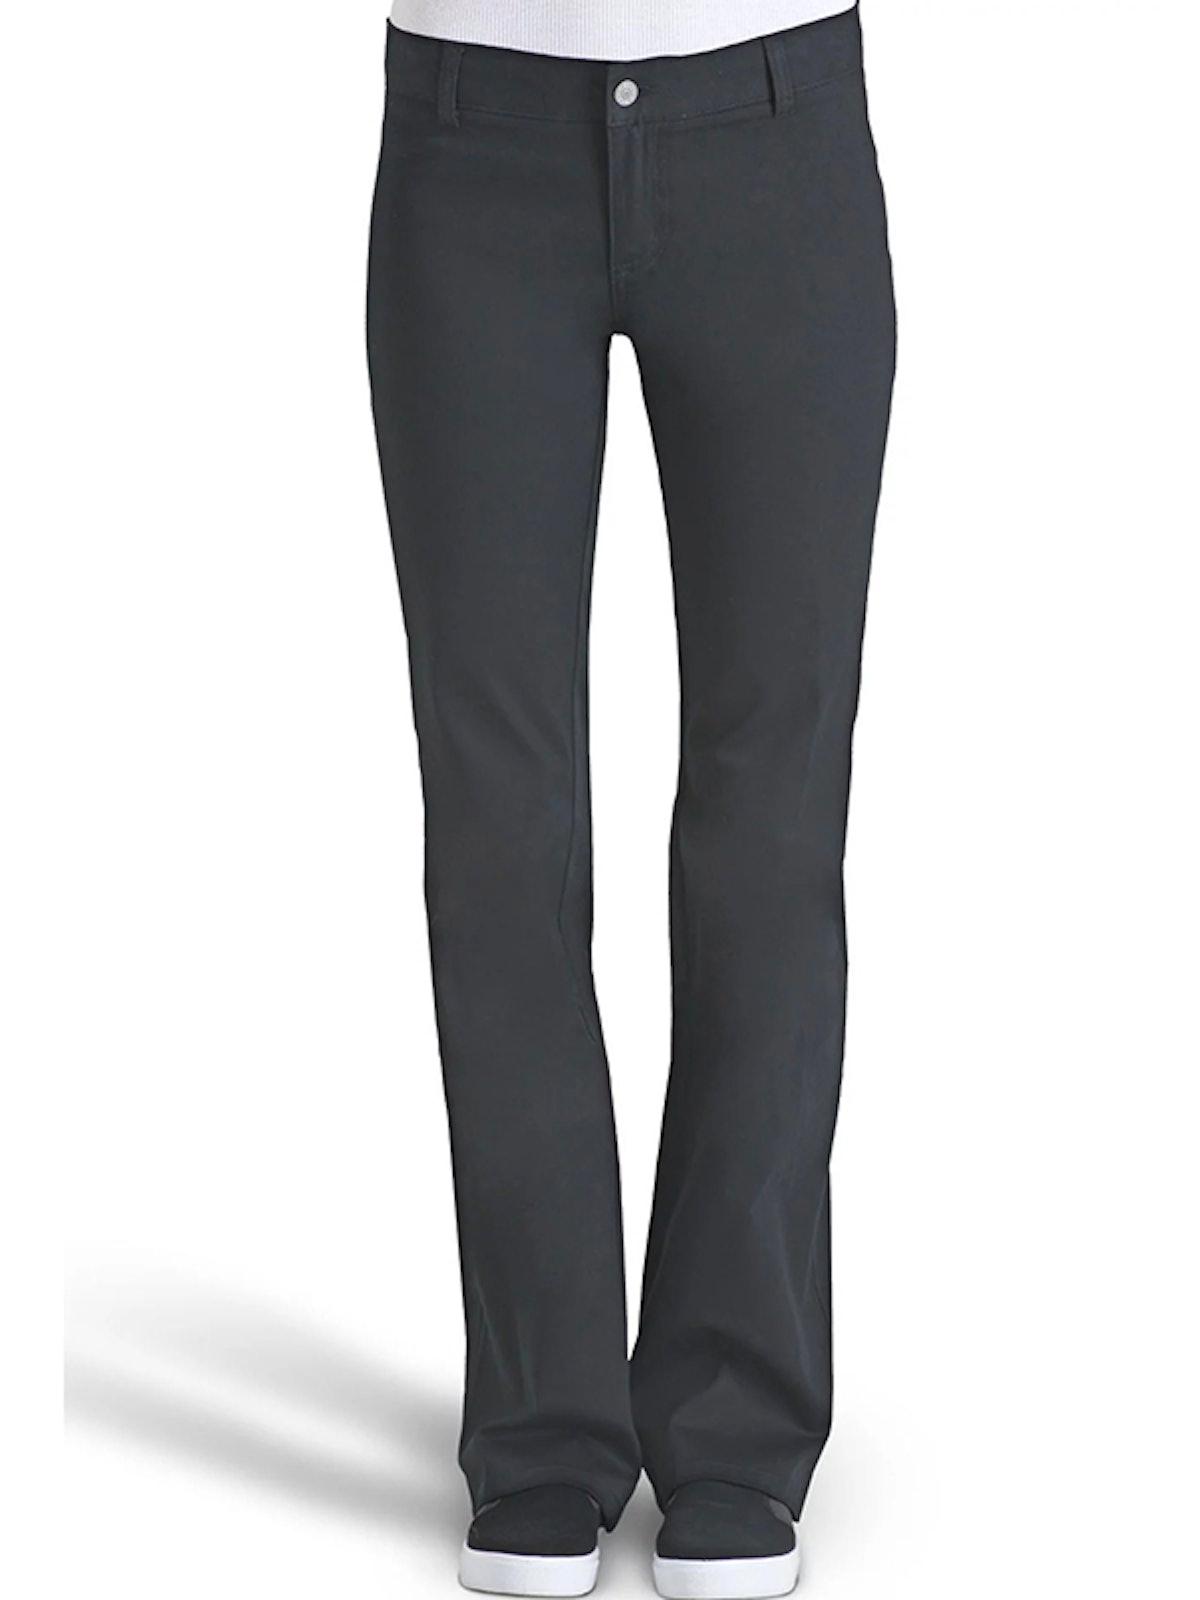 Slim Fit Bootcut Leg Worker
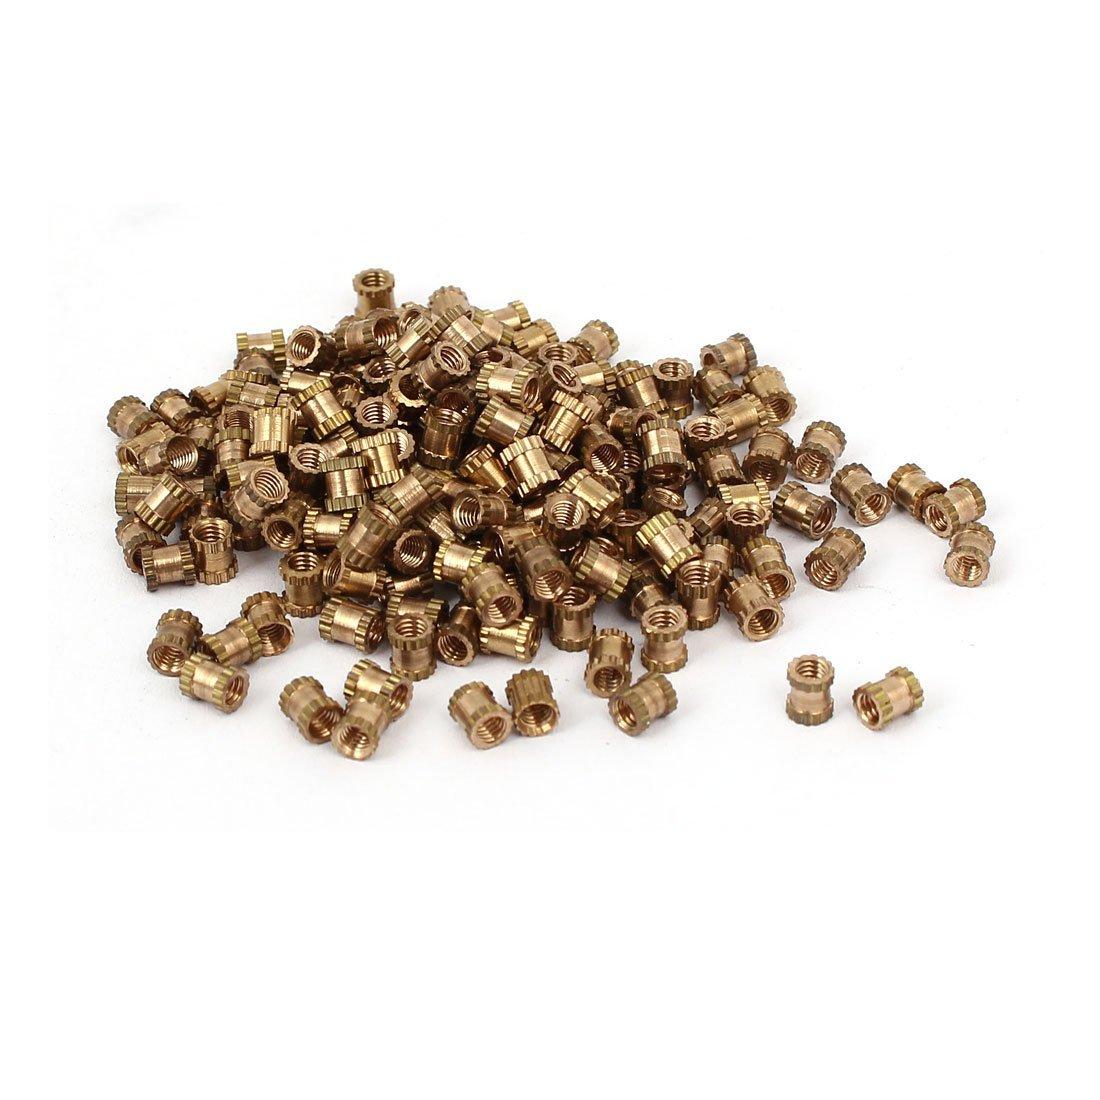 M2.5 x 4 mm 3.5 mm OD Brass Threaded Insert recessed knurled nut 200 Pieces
────────────────────
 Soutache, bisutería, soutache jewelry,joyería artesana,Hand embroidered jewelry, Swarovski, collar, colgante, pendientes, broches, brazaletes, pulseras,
────────────────────
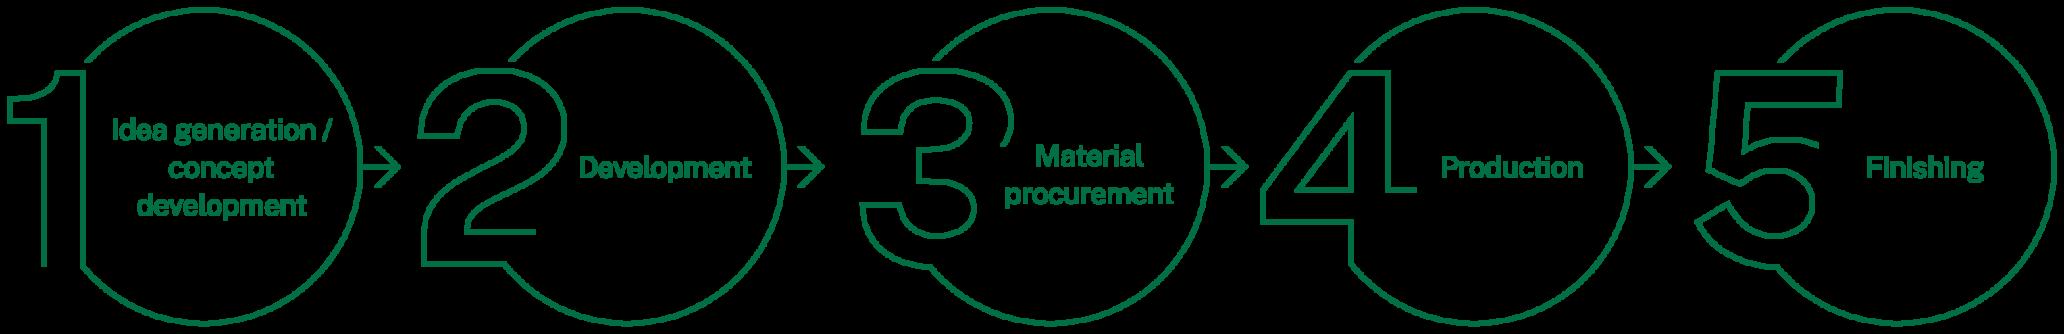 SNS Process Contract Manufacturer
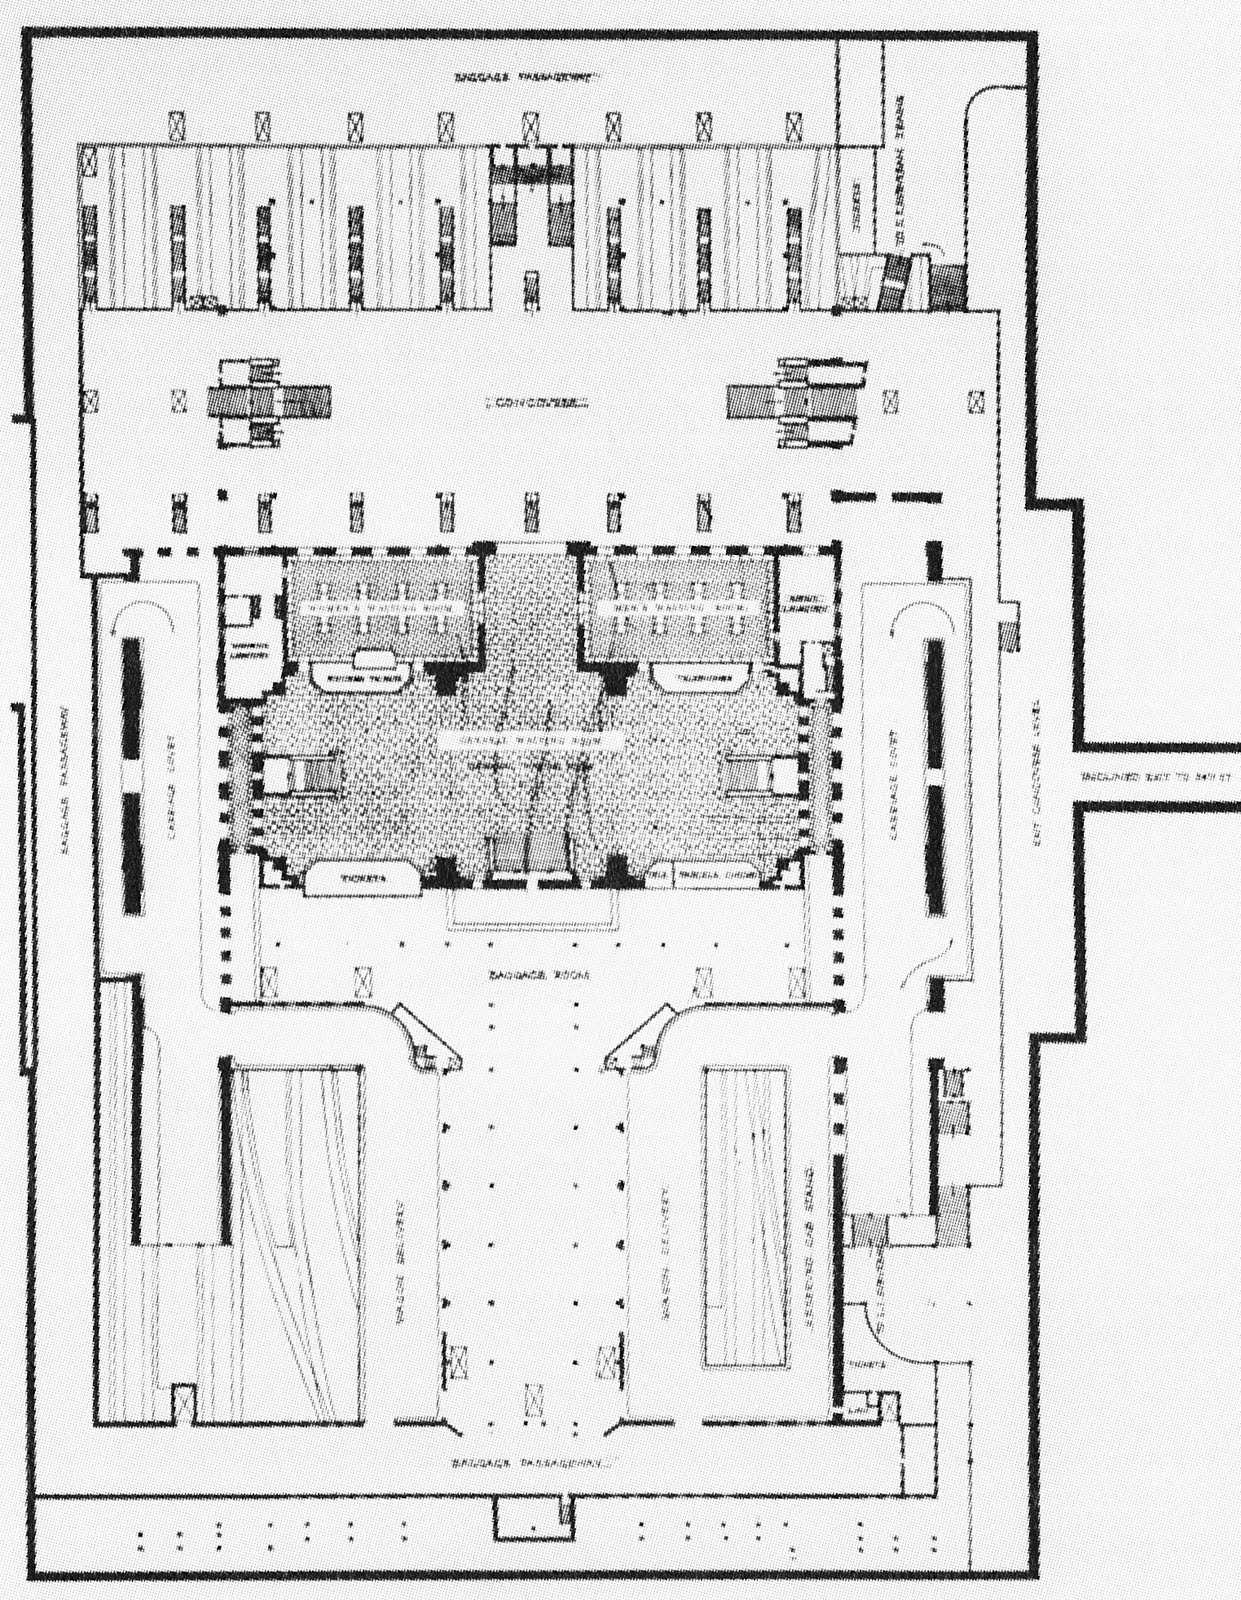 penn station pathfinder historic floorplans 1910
────────────────────
To do — When you reach the line holding "Slim Fit Bootcut Leg Worker" in the listing above, begin retyping exactly, and stop once the line holding "M2.5 x 4 mm" is done; pictures stay out.

Answer space —
 Slim Fit Bootcut Leg Worker
 M2.5 x 4 mm 3.5 mm OD Brass Threaded Insert recessed knurled nut 200 Pieces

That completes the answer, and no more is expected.